= Los Grutynos =

Argentine comic strip

Los Grutynos is an Argentine comic strip about a fictional family which come from the bottom of the sea of the City of Grutópolys, located in the Bahía sin Fondo (Bottomless Bay), San Matías Gulf, in Patagonia Argentina, created by Beto Noy, a business man born in the Río Negro province.

They are creatures with special powers, and long-lived (by each human century they age only a year). They have the mission to take care of and to protect the nature, to help the human beings and to guard by the Sacred Chalice, the Holy Grail. They are sweet, they live with joy and they help the others. At the present time the Grutynos inhabit in some place of Las Grutas, in the San Antonio department, of the Río Negro province, in the north of Patagonia. They relate with human characters like Graiel, Santino, Salvador and others of the real life like the basketball player Manu Ginóbili.

Up to now, nobody knows about their participation, throughout history, in the events that happened in this region, such as the arrival of the famous Templars.

Their adventures, in form of comic strip, are daily published from 2006 in the Noticias de la Costa (News of the Coast) newspaper, of Viedma, Río Negro province. The comic writer is José Massaroli, who based his work on the ideas of Beto Noy. The comic artist is Ramón Ángel Gil, who has also created the visual aspect of the characters, and the inker is Raúl Barbero.

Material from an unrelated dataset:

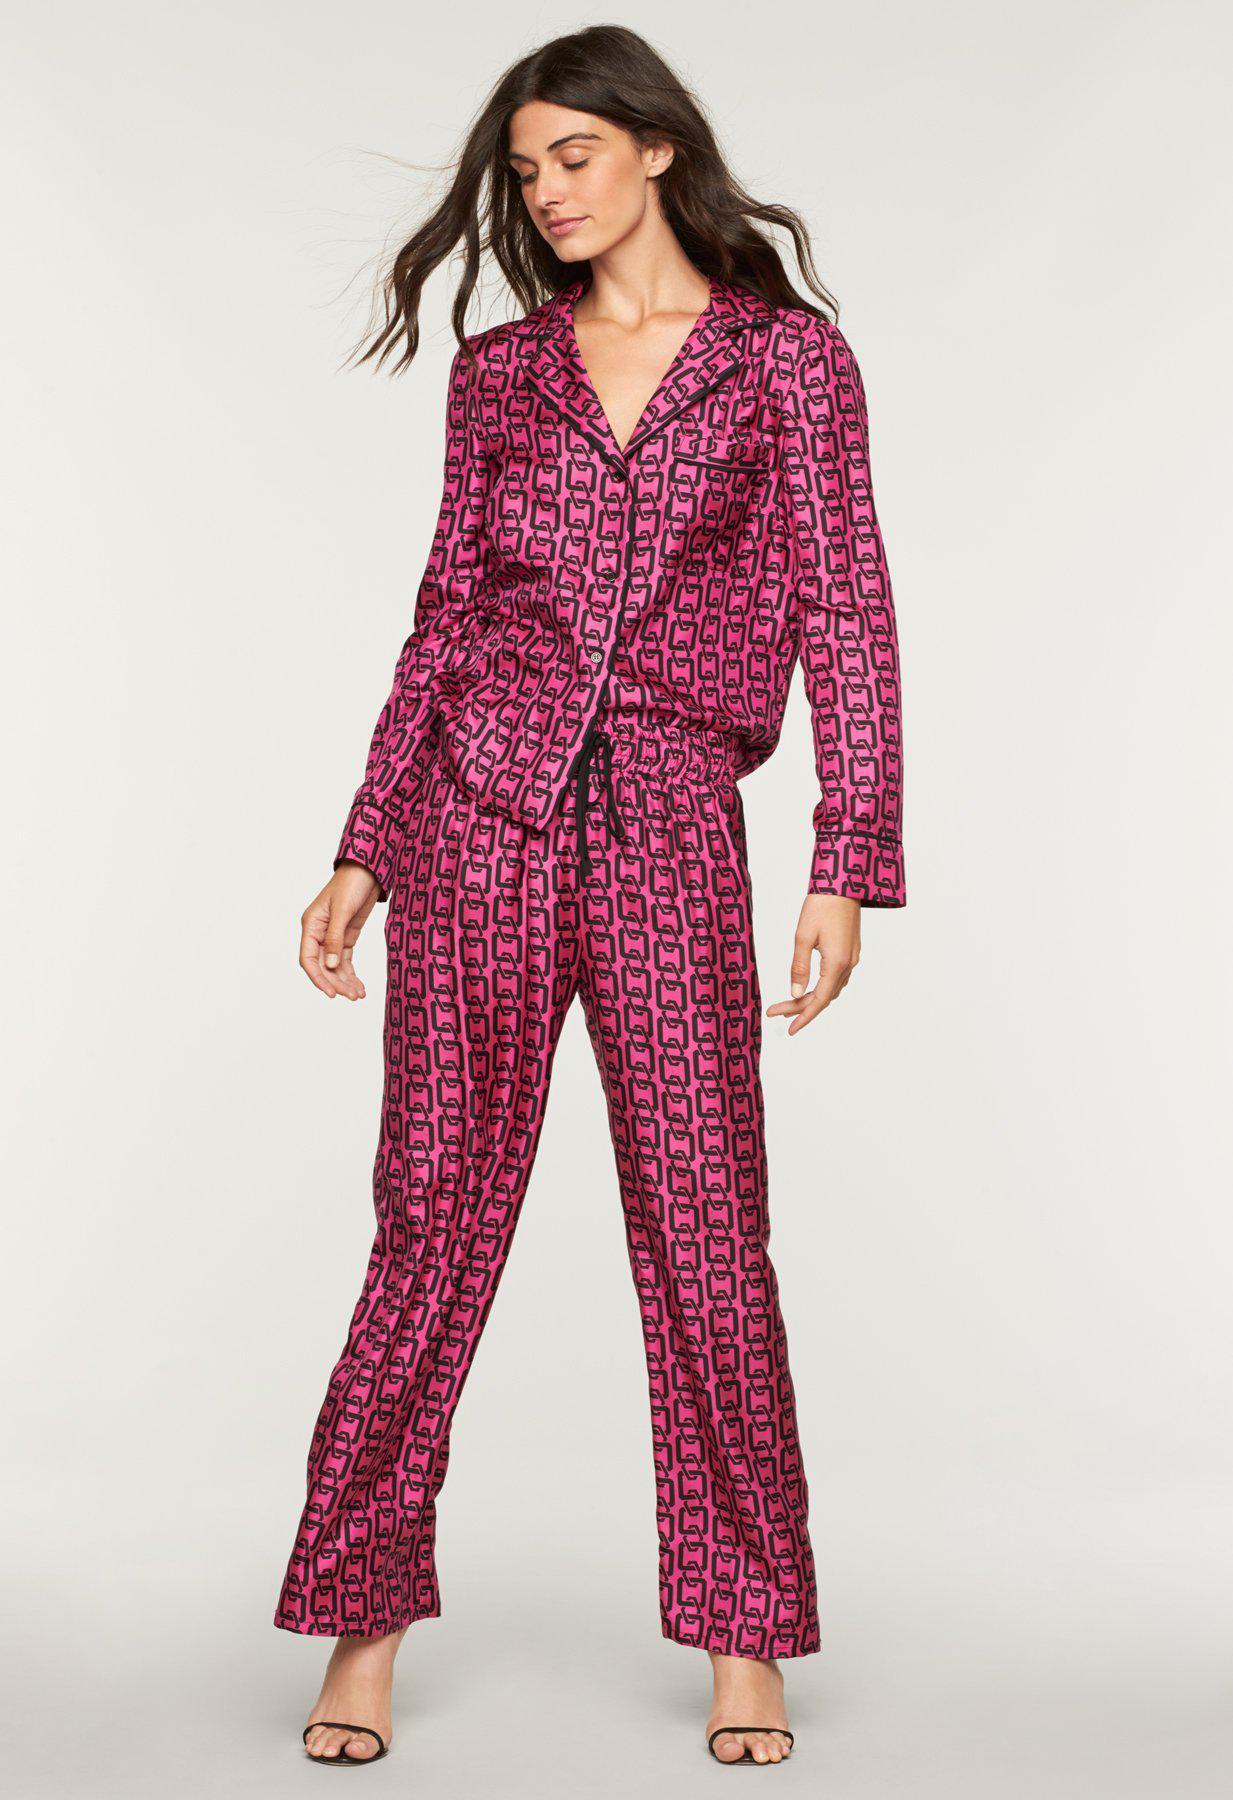 d56c62c08e ... Chain Print Pajama Top - Lyst. View fullscreen

In addition, usually the Grutynos appear in fairs of tourism and festivals for children.

==Characters ==

=== Grucyque ===
Wise Grandfather. Lord of the Bahía sin Fondo, King of Grutópolys. Higher conscience. Powerful (it has the power of one of the four elements, the water) Capacity to read the soul. Gift of telepathic communication across the Universe. He is deeply respected and admired by all the Gods of the Universe. Great nobility. Patriarch. Pacific, its weapon is Peace. It has the wisdom gathered during his lived centuries. He has a great love by the moon, place where his beloved wife rests. From this union, his only son Gruto was born. His mission is to expand harmony and union between all the beings that inhabit the planet. This being, like all those of his family, is longeval. For each human century they only grow one year old.
Physical appearance: Amphibian. Of great stature. Thin. Healthful.

=== Gruto ===
Son of Grucyque: prince of Grutópolys. Poet, with his verses he won the heart of Grutyna. Invincible force. Courage, soldier. Nobleman like his father. Simple. At some moments, rather melancholic, specially when there is Full Moon (he tries to communicate with his beloved mother). Of pure heart, and transparent look. He loves children. He has the power of one of the four elements, the Earth. He is loved and protected by all the Gods of the Universe. His mission is to safeguard Man of itself, to protectNature, and to guard the Sacred Chalice, the Holy Grail, and other secrets.
Physical appearance: Almost two meters. Elegant, with great force and health.

===Grutyna===
Grutyna is beautiful, sensual and sensitive. It has friends of all times, due to the special power of his privileged song, that includes poems written by his beloved Gruto. Her VOICE dominates all the sea She is sweet, magical, heavenly, it captives the sirens who wish to imitate it. Her beauty is unique and incomparable and it fascinateschildren and adults. Besides she is an exemplary mother.

===Pulpyno===
Restless, jocose, very curious, he adores music, and has a collection of strange musical instruments invented by himself, which he jealously guards on a secret island. He is sweet-toothed, and he loves alfajores. With his frog feet, he can also dance the tango, and above all he plays soccer exceptionally well. Friendship is for him a sacred bond. That is why his friends adore it. Among the four elements, he has the power in the wind, from which he deciphers melodies to play with his instruments, which he plays at sunrise, and specially at full moon.

===Pulpyta===
She was born in the blessed waters of Las Grutas, in the mid-13th century. Among the four elements, her power is FIRE, which she dominates to protect her race and to warm the famous waters of the Gulf of San Matías. Her sincerity and intelligence are unlimited. In frozen winters, she transmits warmness to all homes. She is specially protected by the Solar God protects her specially. When she was born the Solar God handed her the keys of the Rainbow colours which hide an invaluable treasure: by means of these, the Solar God communicates with her. She loves dancing because when she dances the sun laughs and the waves clap her. She only eats dulce de leche (milk candy); she herself is the whole sweetness.

===Yno, the Sea Elf===
Loved by the forces of the Good, and very feared for the dark forces of Evil. Admired and respected by all the elfs, and by all the kingdoms of space, the Earth and the cosmos. The Guardian of Grutopolys; his power is ancient and eternal. During Peace he is invisible, but during war he is invincible. He adapts to any situation to fulfill his mission. He was present at the birth of his friend, the Great King Grucyque. He is permanently fighting against Evil, and his weapons are the four elements that Grucyque gave him . He loves and protects everybody, specially the children. Pears and apples are his favorite food. He guards the warm and blessed waters of Las Grutas.